WHAT NEEDS TO BE DONE: Line by line, set down all the data below exactly, omitting any picture.

--- THE DATA ---

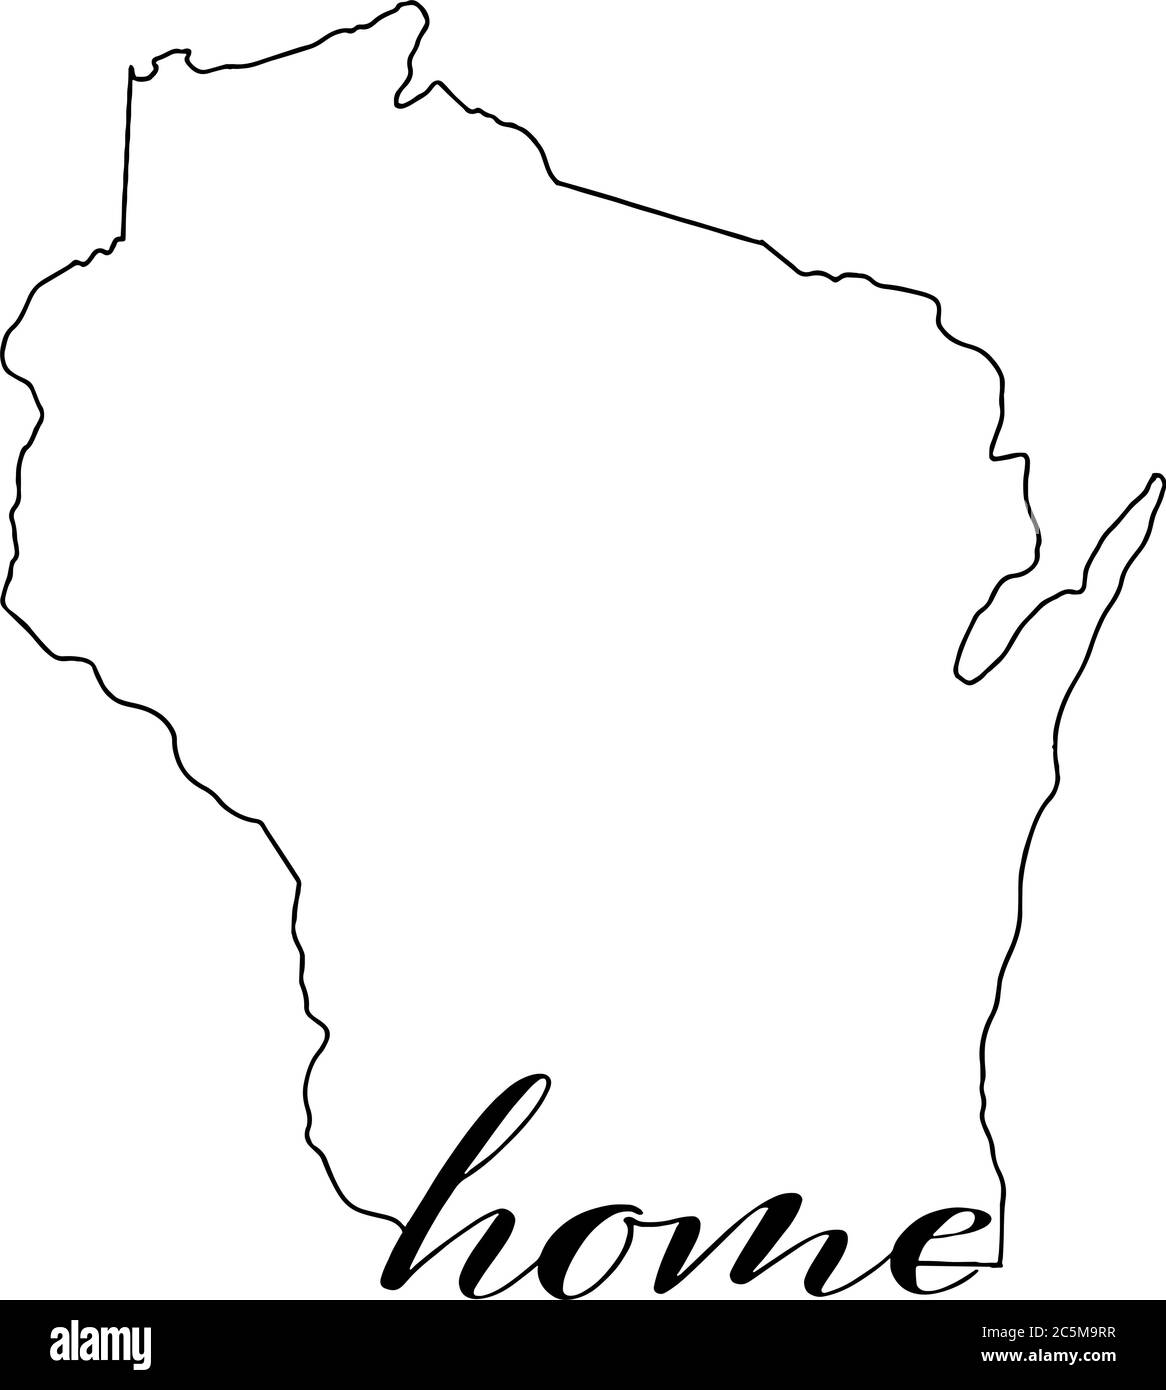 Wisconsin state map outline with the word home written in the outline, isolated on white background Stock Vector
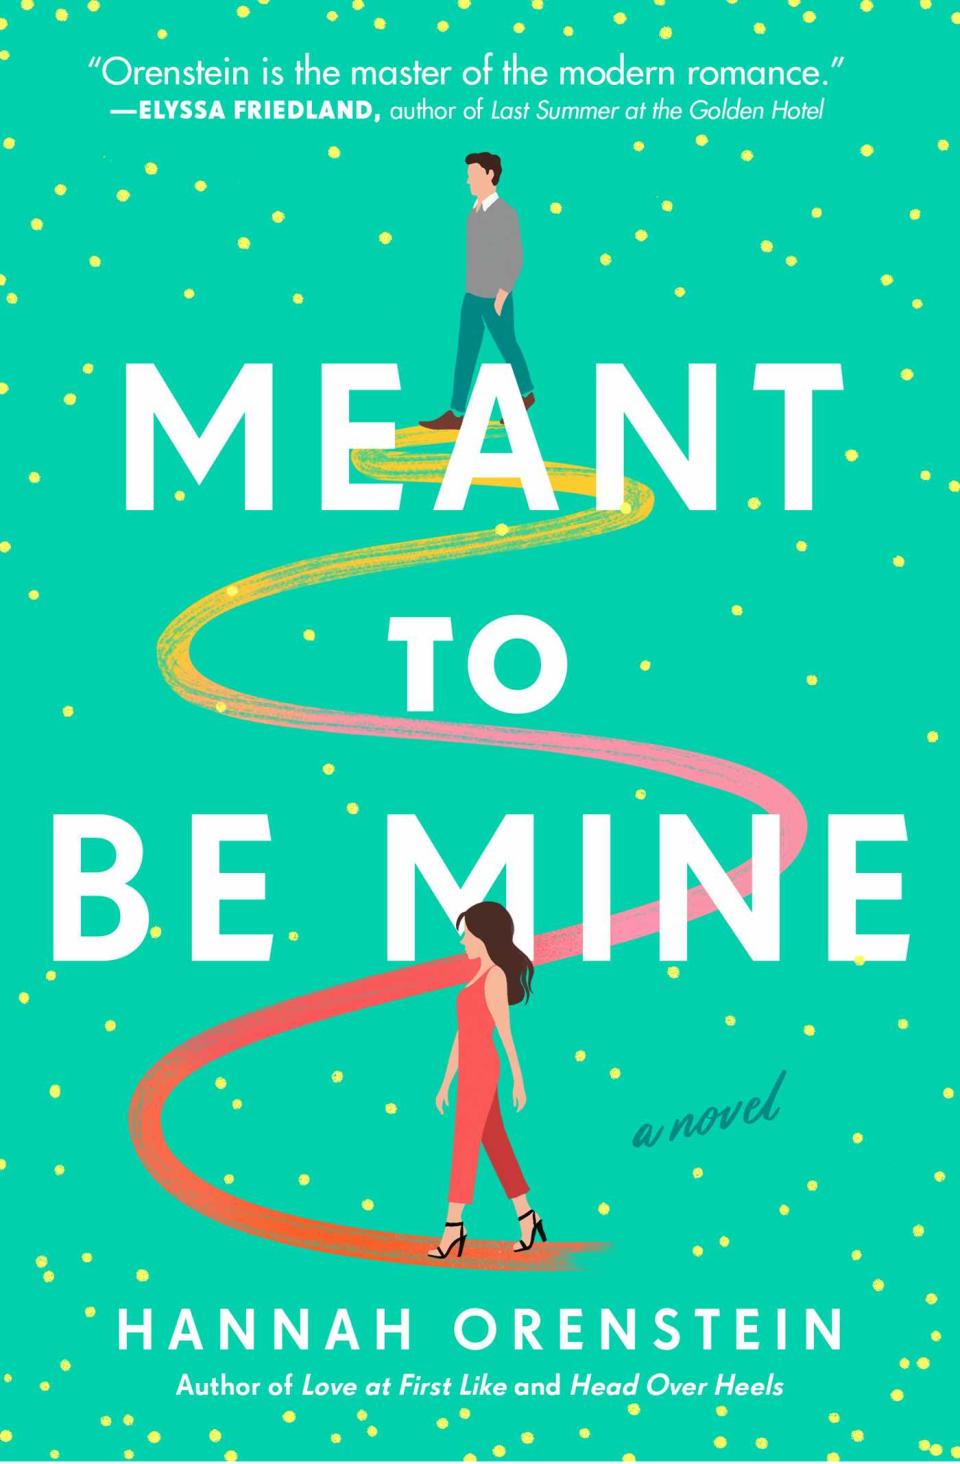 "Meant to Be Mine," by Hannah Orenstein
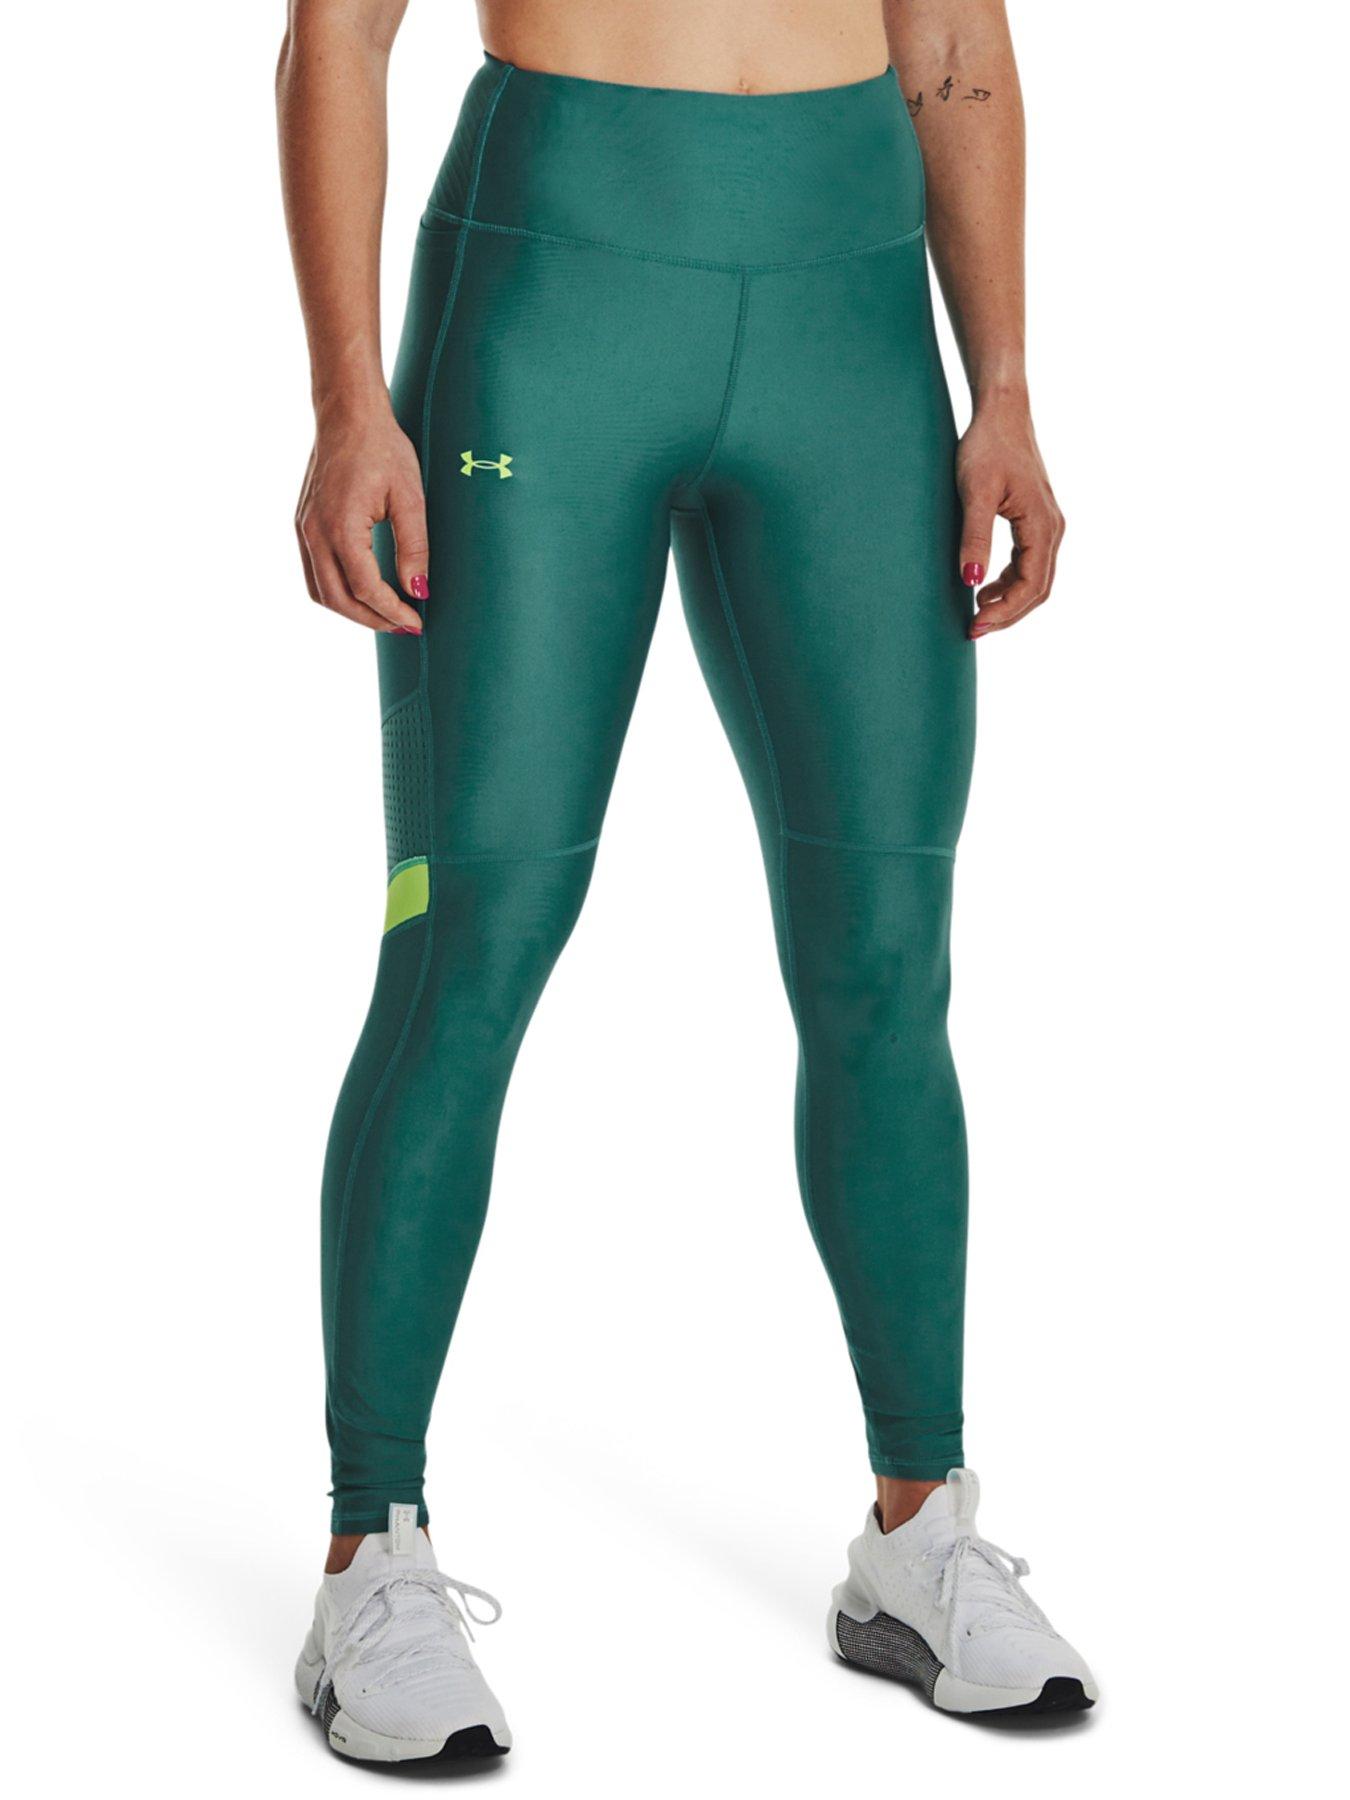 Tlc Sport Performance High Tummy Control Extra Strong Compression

---

RESPONSE BELOW:
 Wisconsin state map outline with the word home written in the outline, isolated on white background Stock Vector
 "Meant to Be Mine," by Hannah Orenstein
 Tlc Sport Performance High Tummy Control Extra Strong Compression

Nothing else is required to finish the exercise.